Адольф Лебон, приказчик дома «Миньо и сын», подтвердил, что в указанный день около полудня он провожал госпожу Л’Эспане домой, четыре тысячи франков лежали в двух мешках. Когда им отворили двери, явилась мадемуазель Л’Эспане и забрала у него один мешок, а другой взяла мать. Он раскланялся и ушел. На улице, кривой и совершенно глухой, никого не было.

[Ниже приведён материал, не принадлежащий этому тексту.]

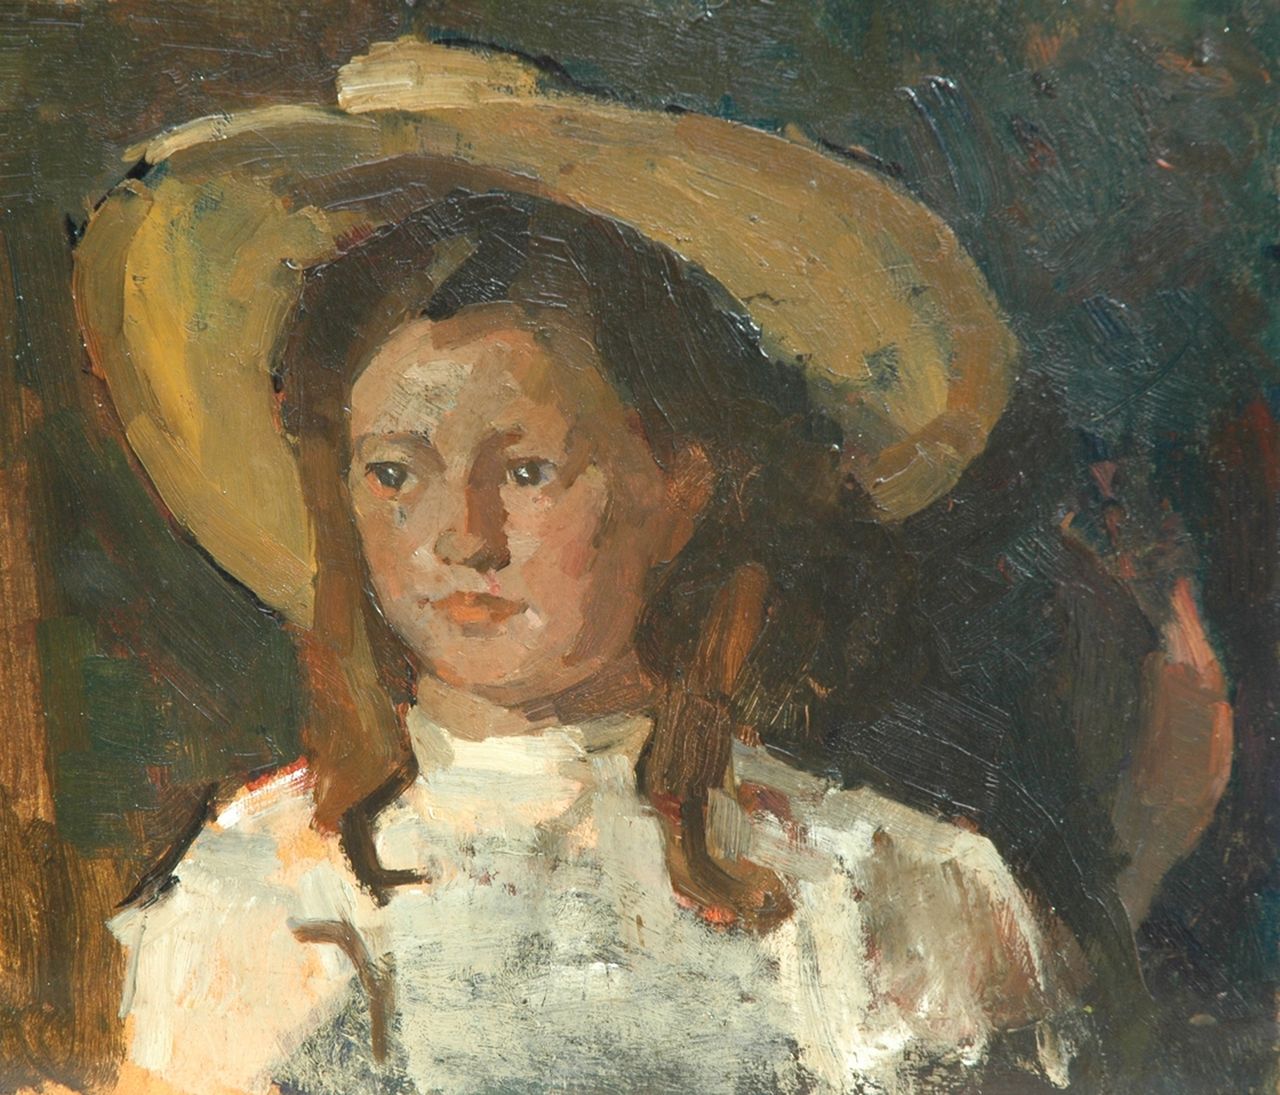 Fritzlin M.C.L.  | Maria Charlotta 'Louise' Fritzlin, Fokeltje with yellow hat, oil on board laid down on panel 31.7 x 36.7 cm, painted in 1908
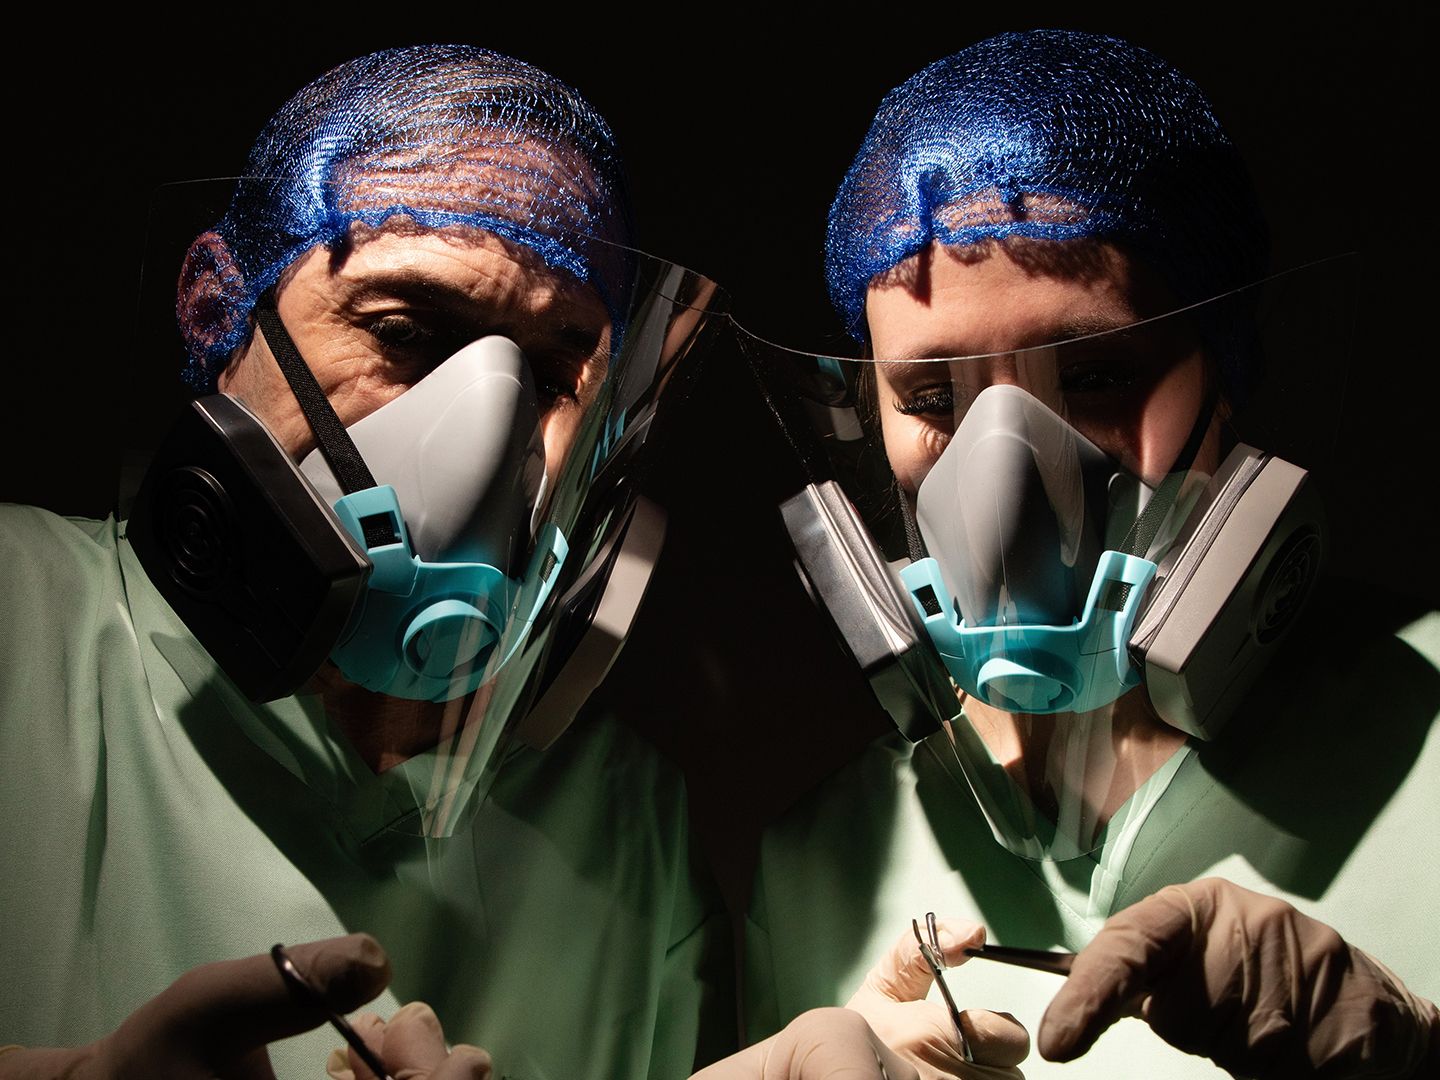 image: two workers with filtration masks

Вильям Берд, портной, показал, что он был в числе людей, вошедших в дом. Он англичанин, два года живет в Париже. Он поднялся по лестнице одним из первых и слышал, как кто-то бранился. Грубый голос явно принадлежал французу. Он расслышал несколько слов, но не помнит, какие именно. Шум был такой, как будто дрались несколько человек. Резкий голос звучал гораздо громче грубого голоса. Свидетель уверен, что это не был голос англичанина. Скорее он принадлежал немцу или женщине. Свидетель не говорит по-немецки.